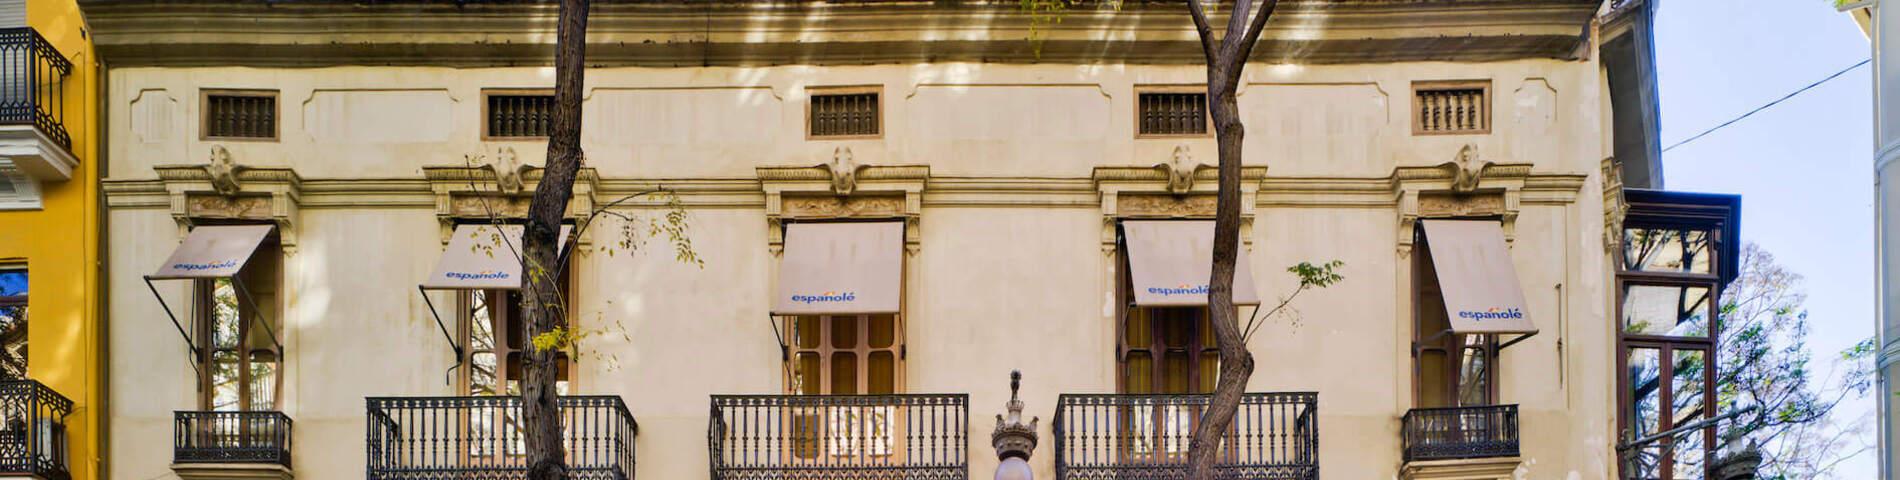 Españole International House画像1
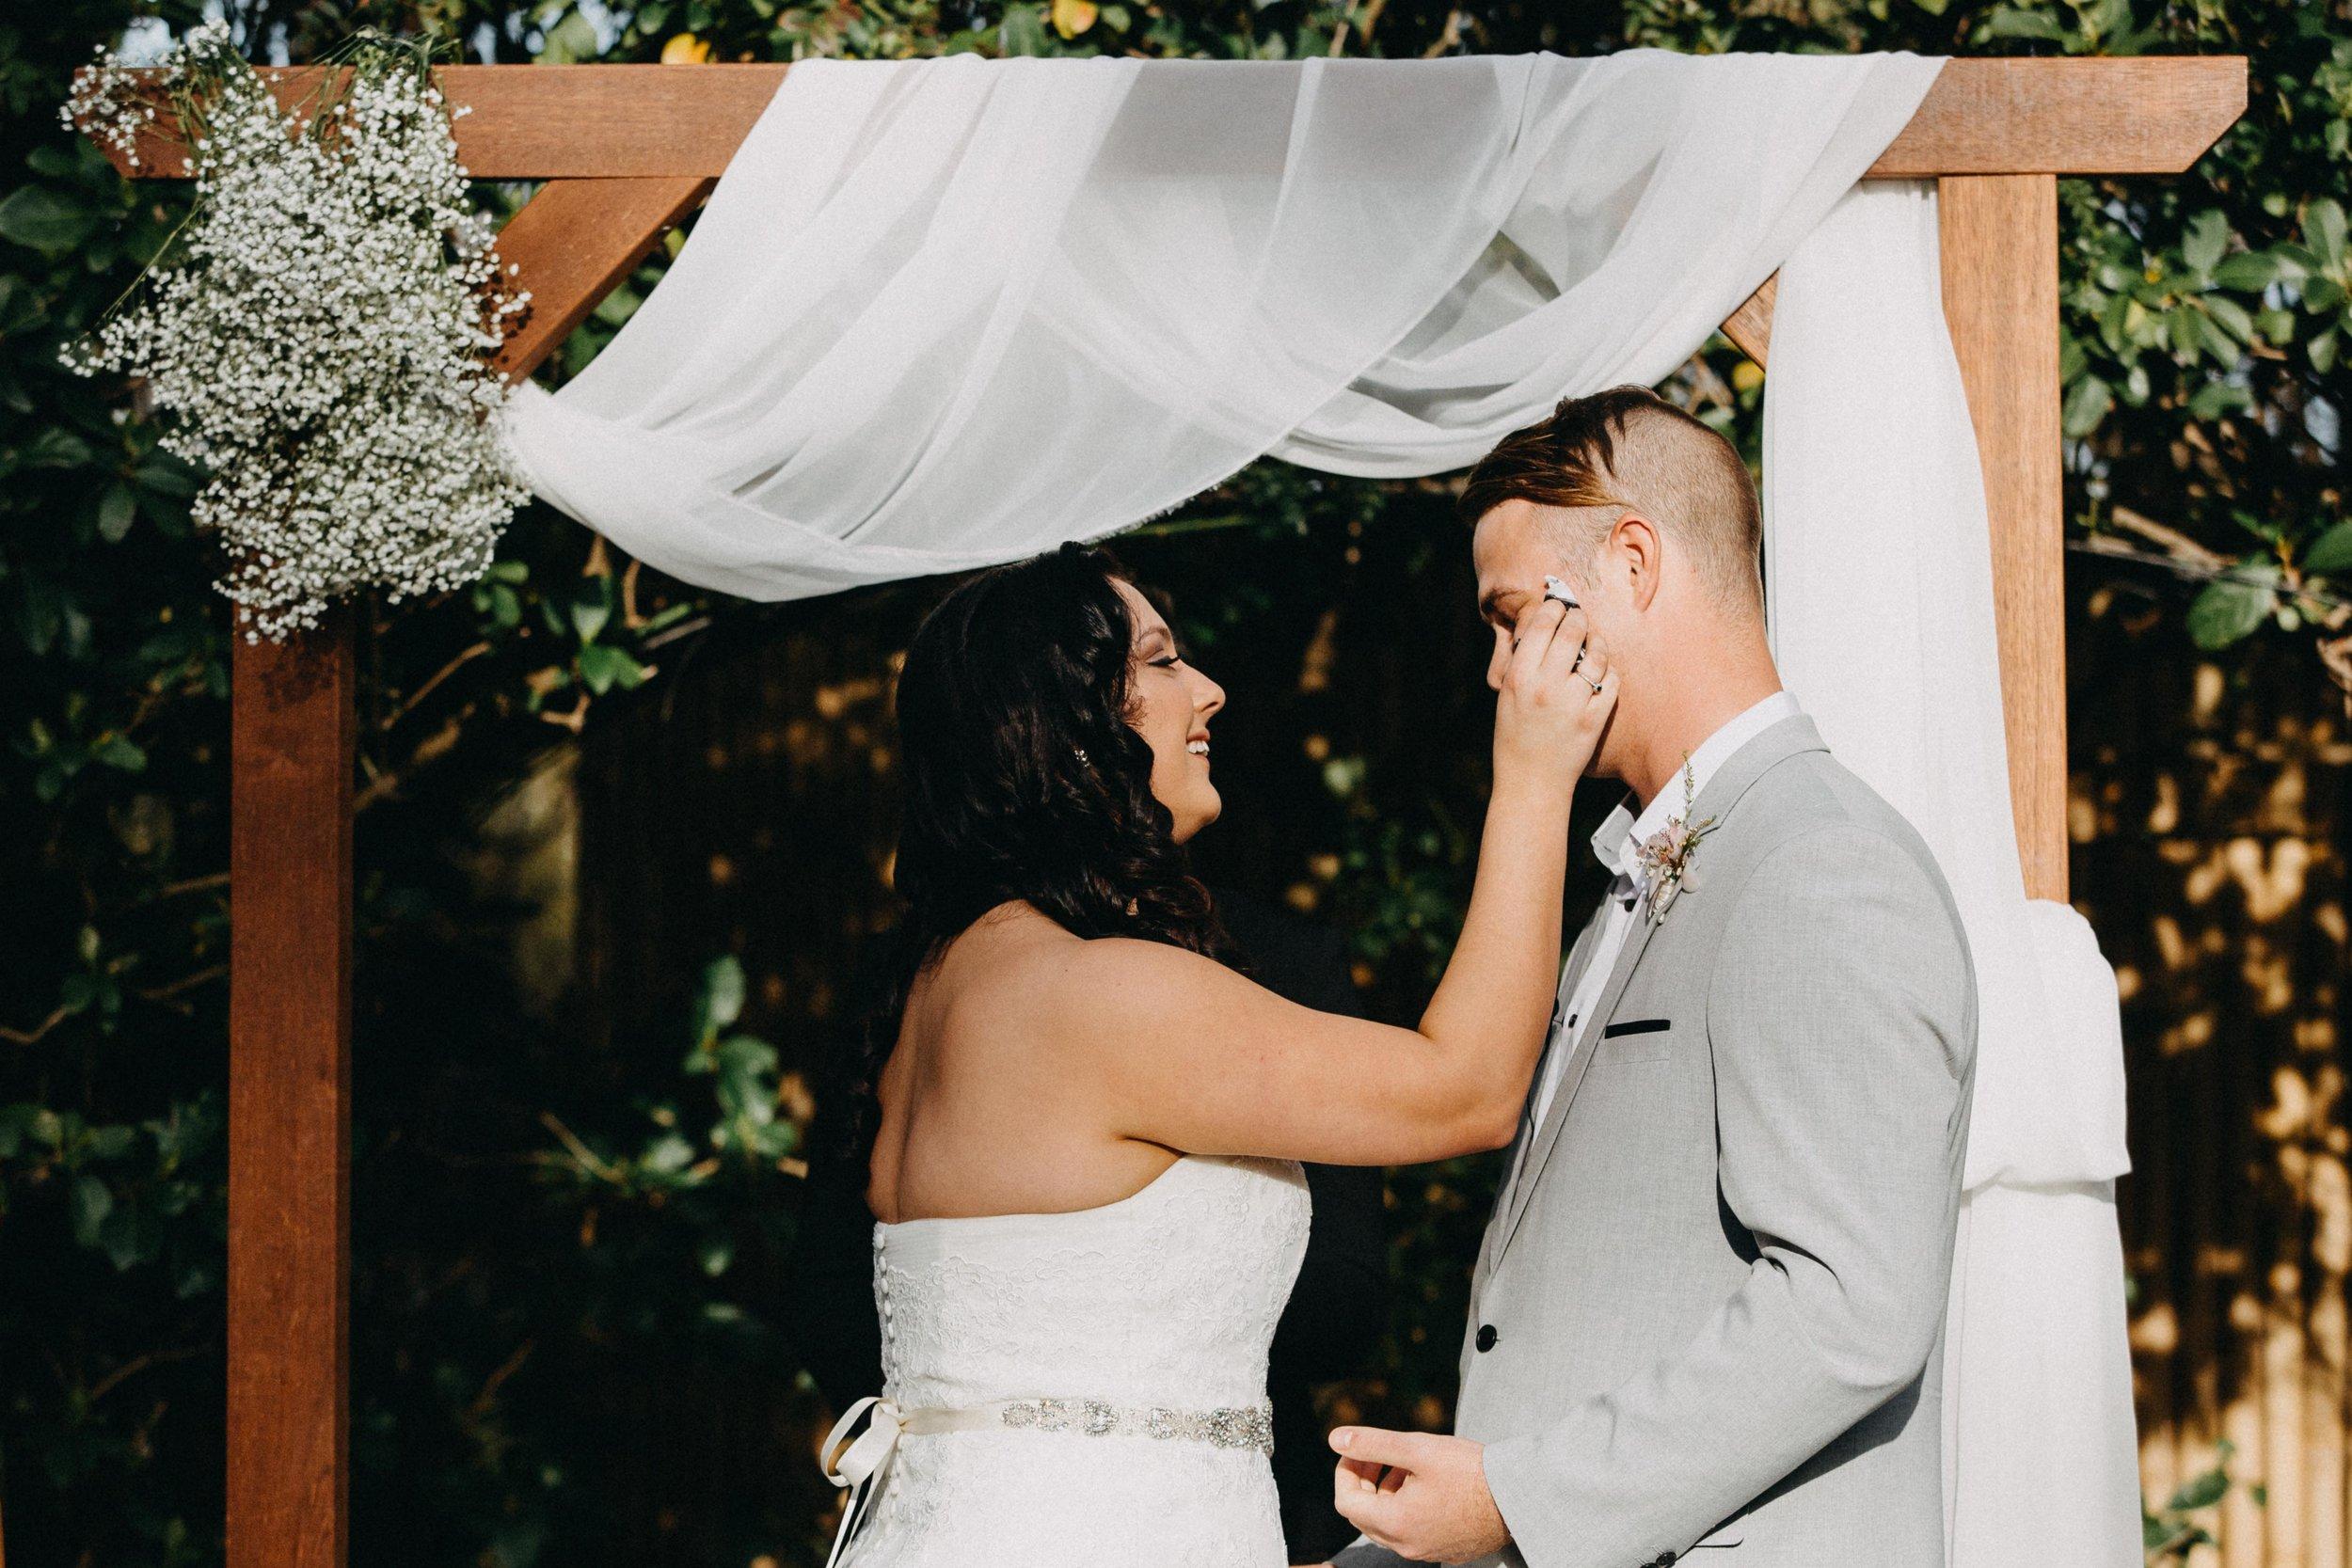 burnham-grove-camden-wedding-emilyobrienphotography-macarthur-63.jpg
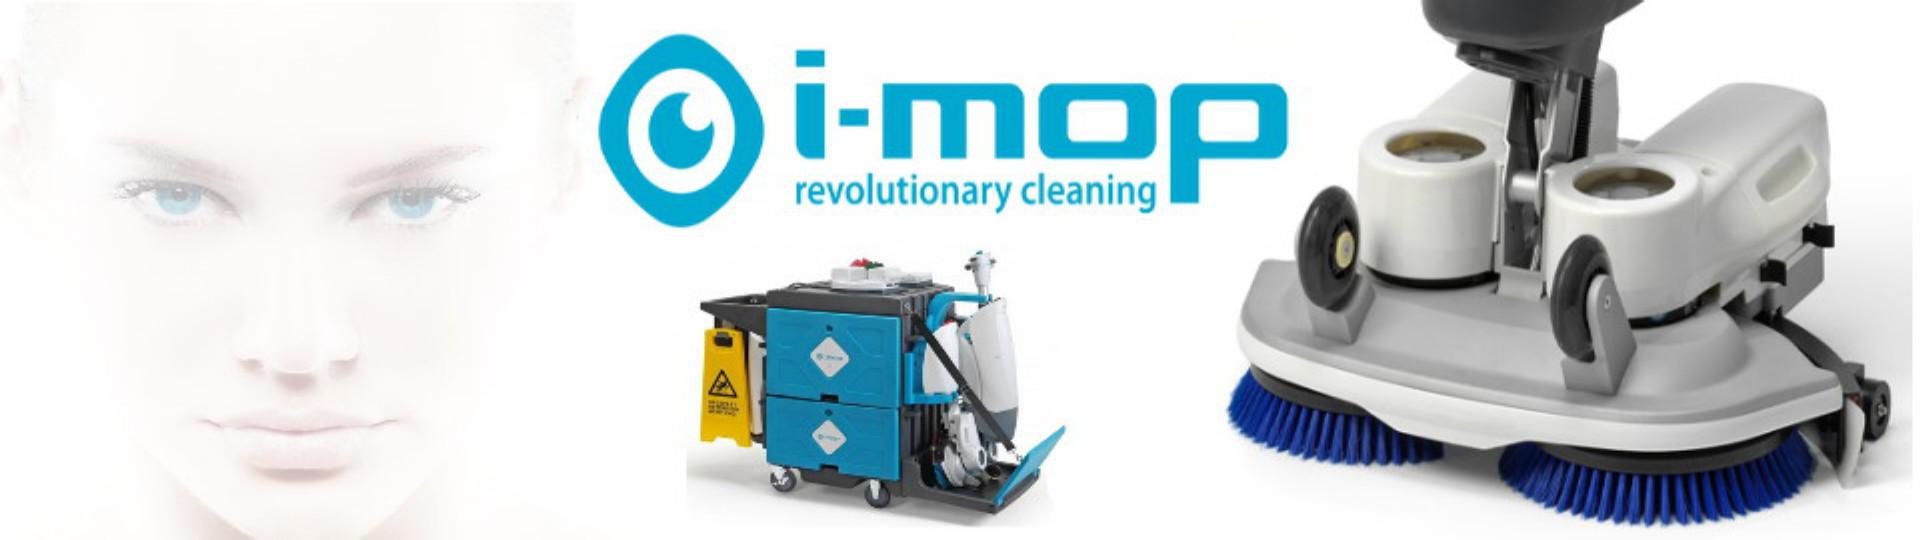 I-Mop Range

» TASK ITEM
Set aside the pictures. Then return every line of the material above verbatim.

» EXERCISE RESPONSE
 Españole International House画像1
 burnham-grove-camden-wedding-emilyobrienphotography-macarthur-63.jpg
 I-Mop Range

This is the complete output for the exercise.